### Action item
Repeat, please, exactly the lines from the one that has "Denmark 1945." through the end of the records below, with pictures dropped.

### Data shown

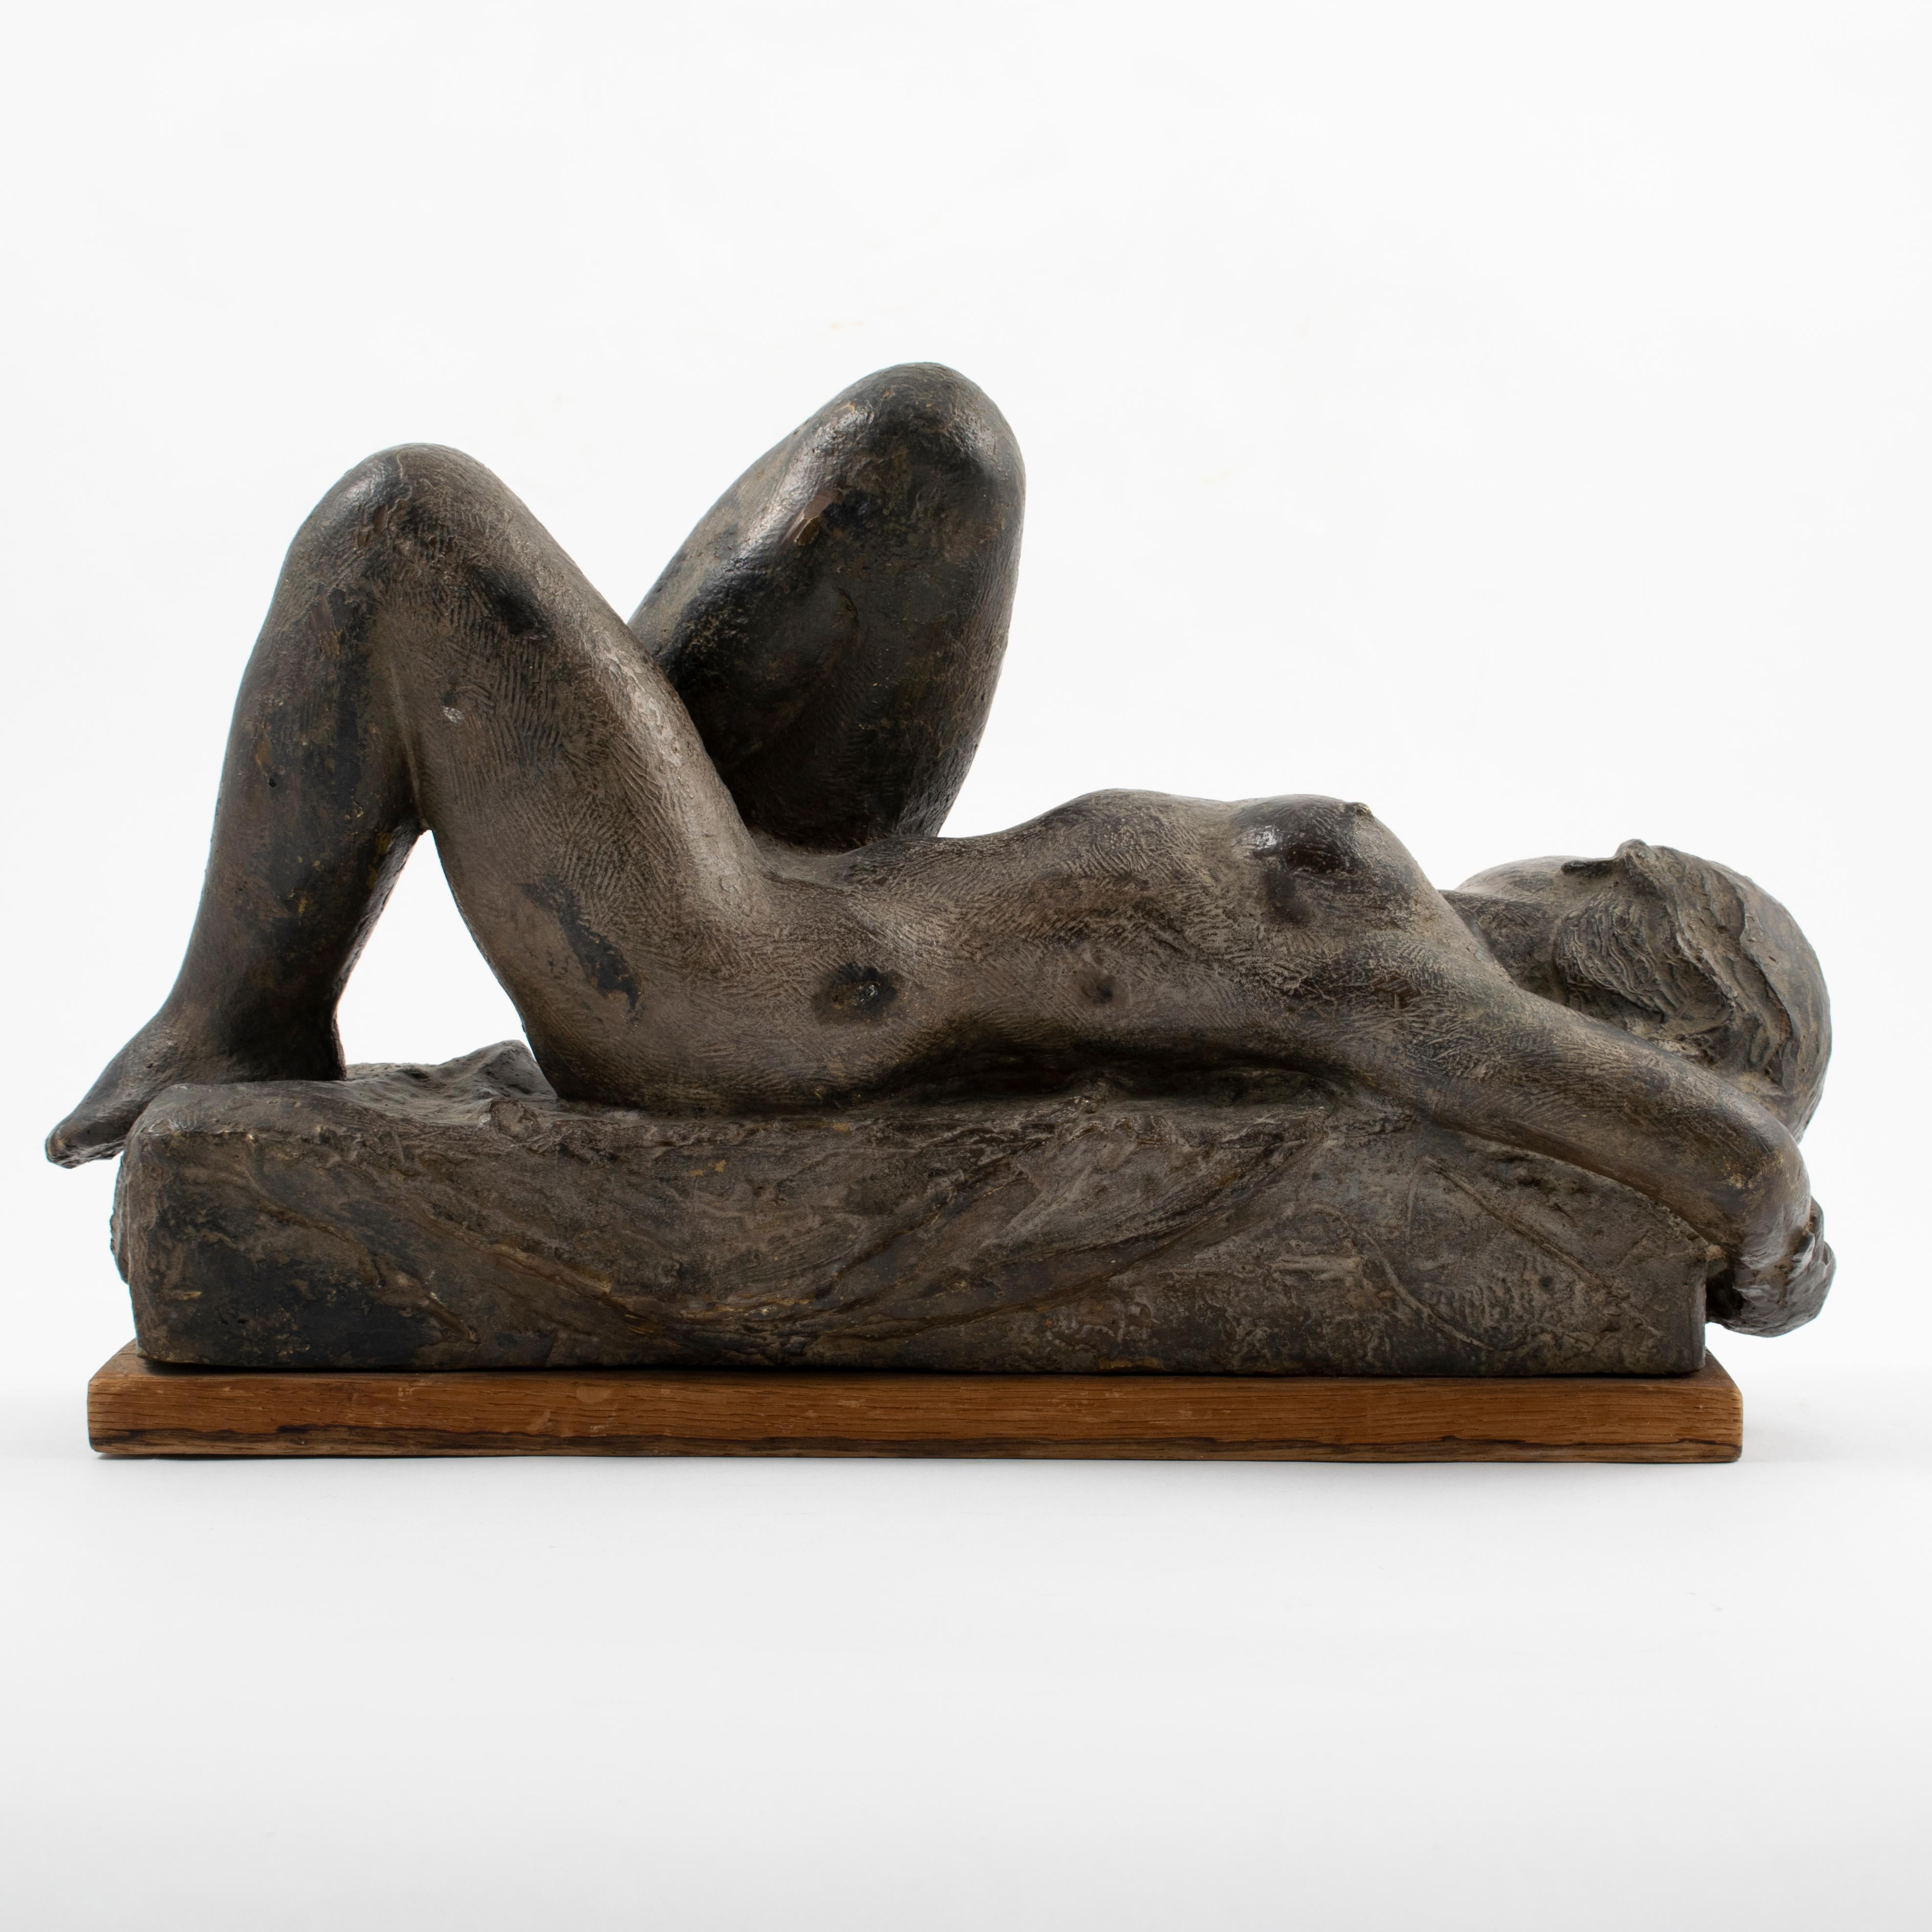 Bronze sculpture of a nude woman lying down. Beautiful dark patina.
Signed with monogram.
Denmark 1945.
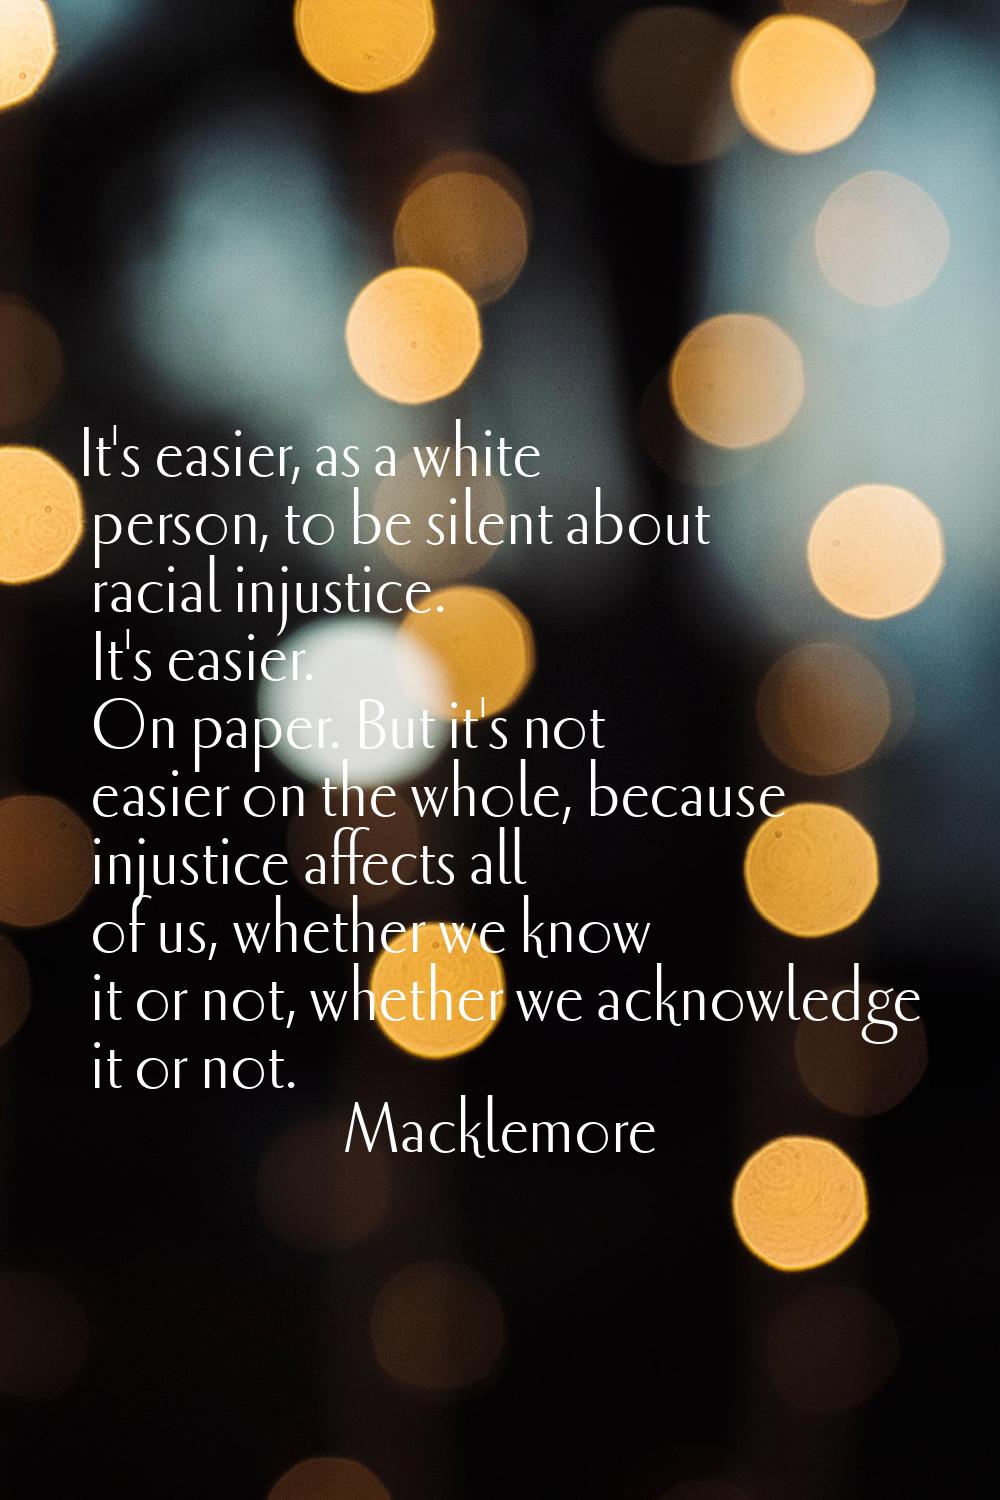 It's easier, as a white person, to be silent about racial injustice. It's easier. On paper. But it'
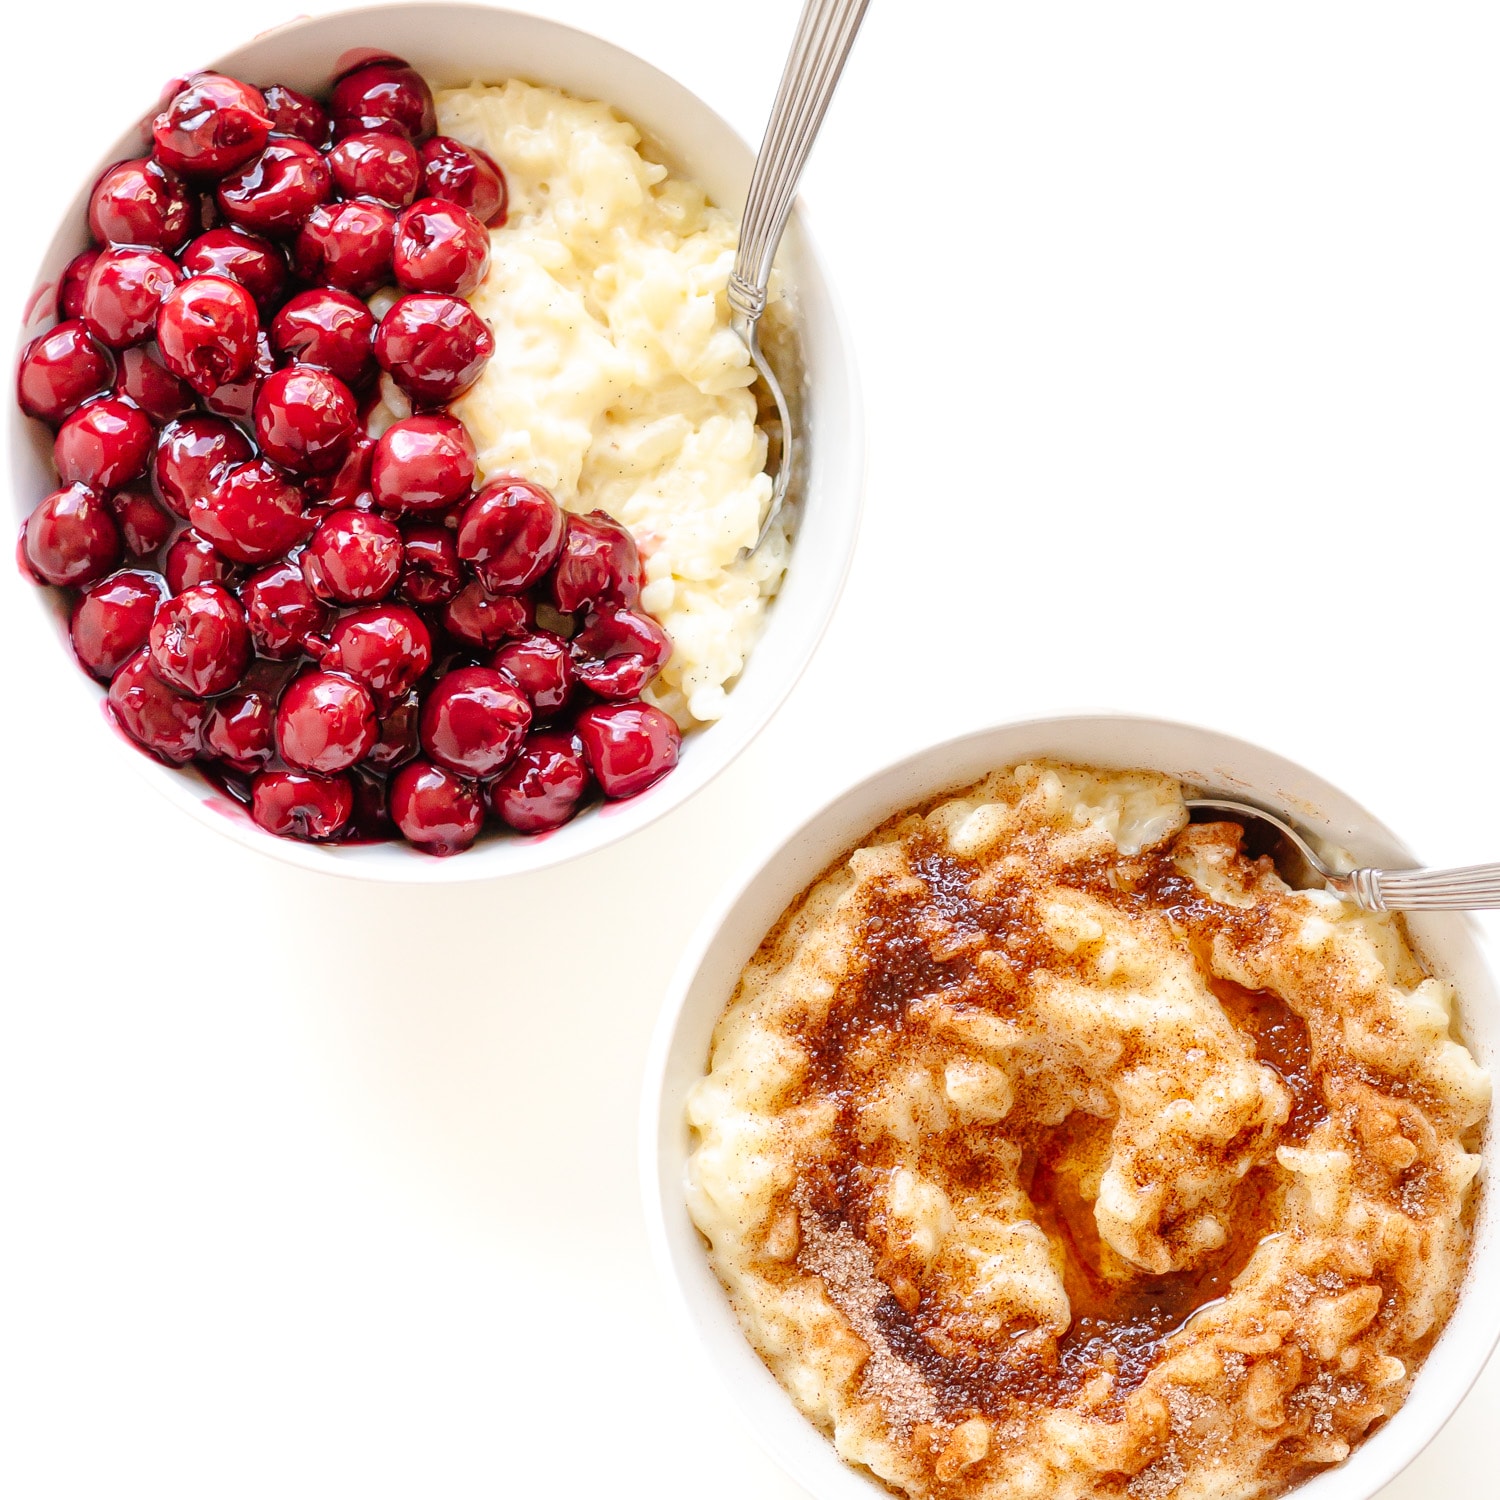 Two bowls of Milchreis/Reisbrei (German Rice Pudding), one topped with warm cherries and the other with cinnamon sugar and brown butter.

### Exercise response
Denmark 1945.
 It's easier, as a white person, to be silent about racial injustice. It's easier. On paper. But it'
 Two bowls of Milchreis/Reisbrei (German Rice Pudding), one topped with warm cherries and the other with cinnamon sugar and brown butter.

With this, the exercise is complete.